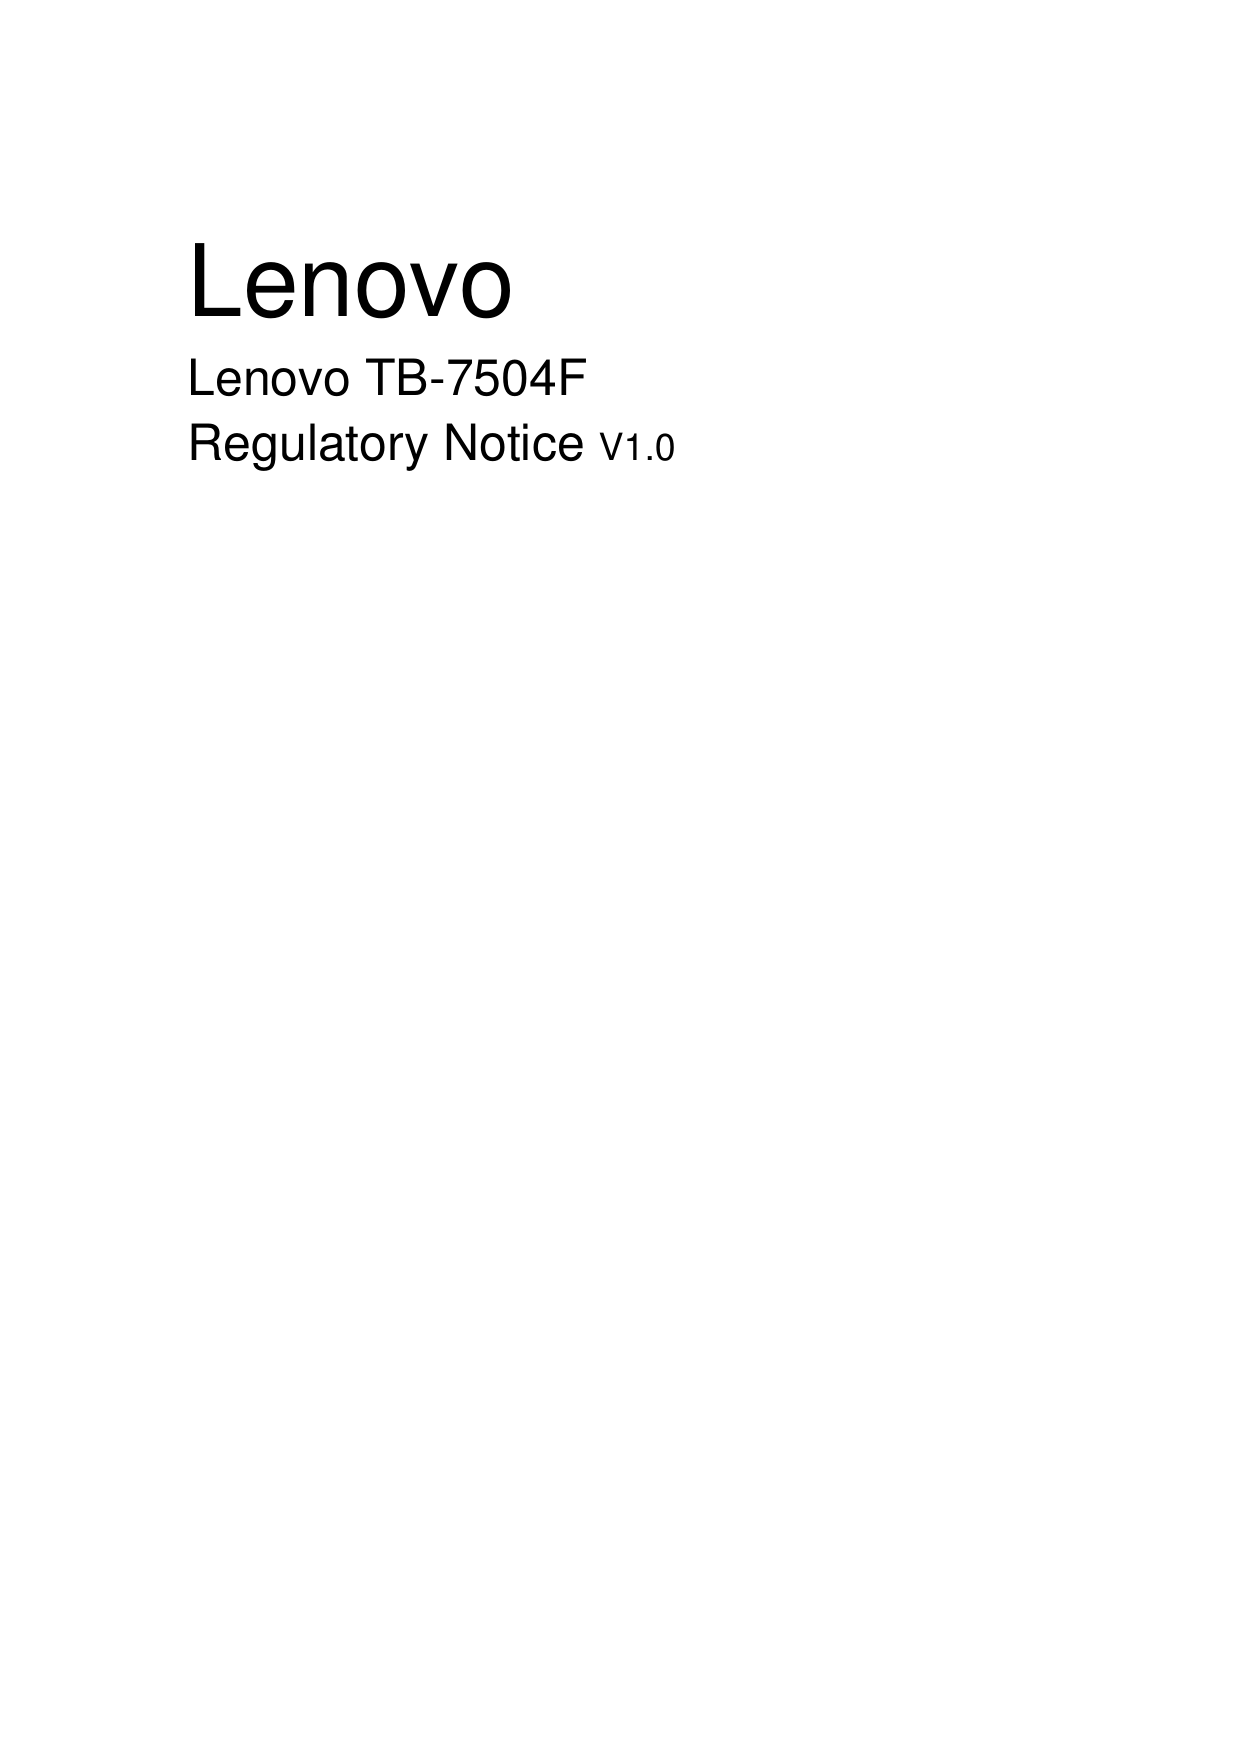   Lenovo Lenovo TB-7504F Regulatory Notice V1.0                                   
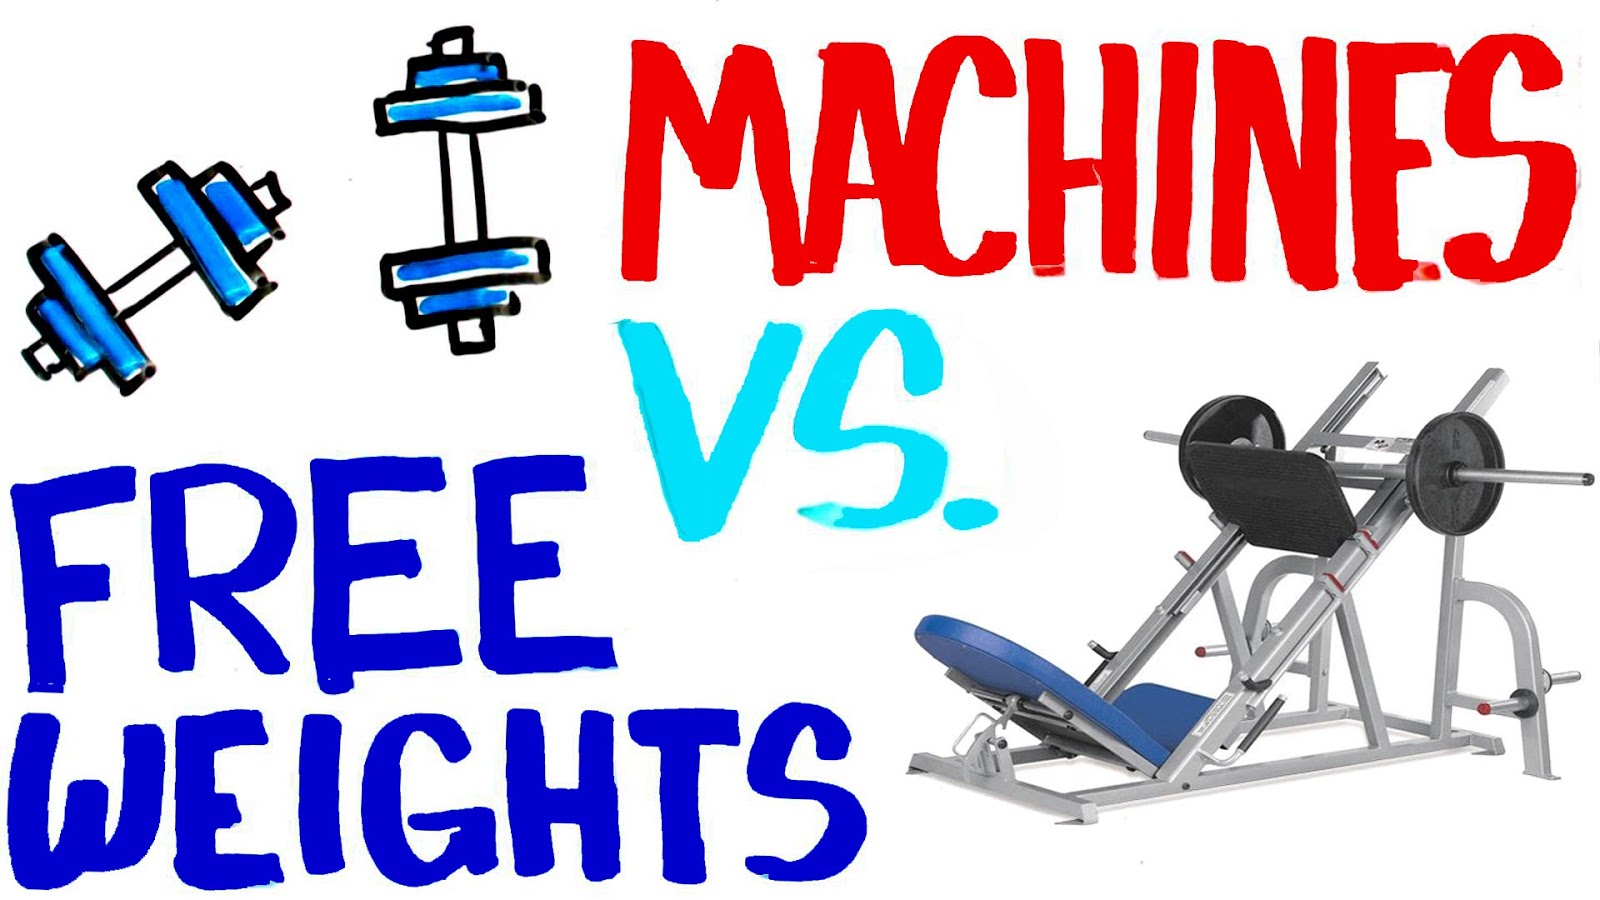 Free Weights vs Machines
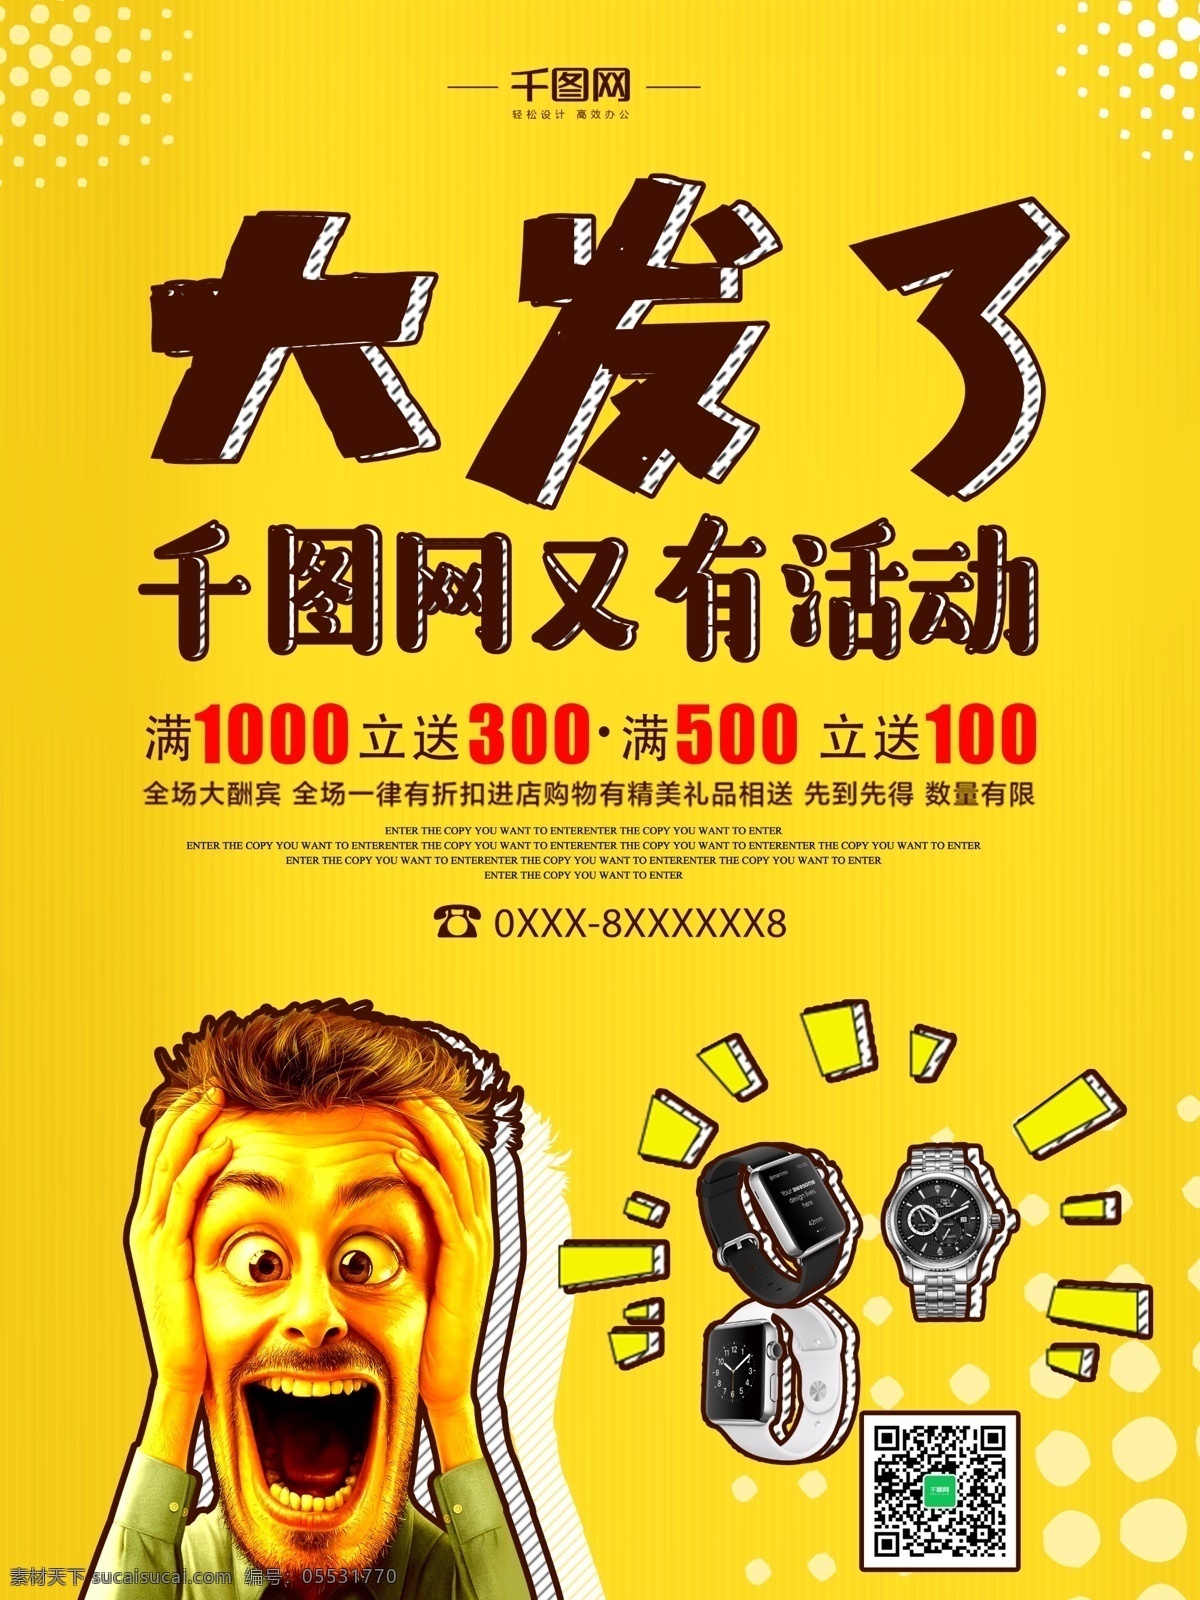 黄色 商业促销 海报 促销 活动 打折 优惠 折扣 满减 手表 机械 男士 夸张 卡通 人物

================

Aim of the task: Leave out every picture and write out exactly the lines running from the line containing "Free Weights vs Machines" to the end of the listing above.

Output of the exercise:
 Free Weights vs Machines
 黄色 商业促销 海报 促销 活动 打折 优惠 折扣 满减 手表 机械 男士 夸张 卡通 人物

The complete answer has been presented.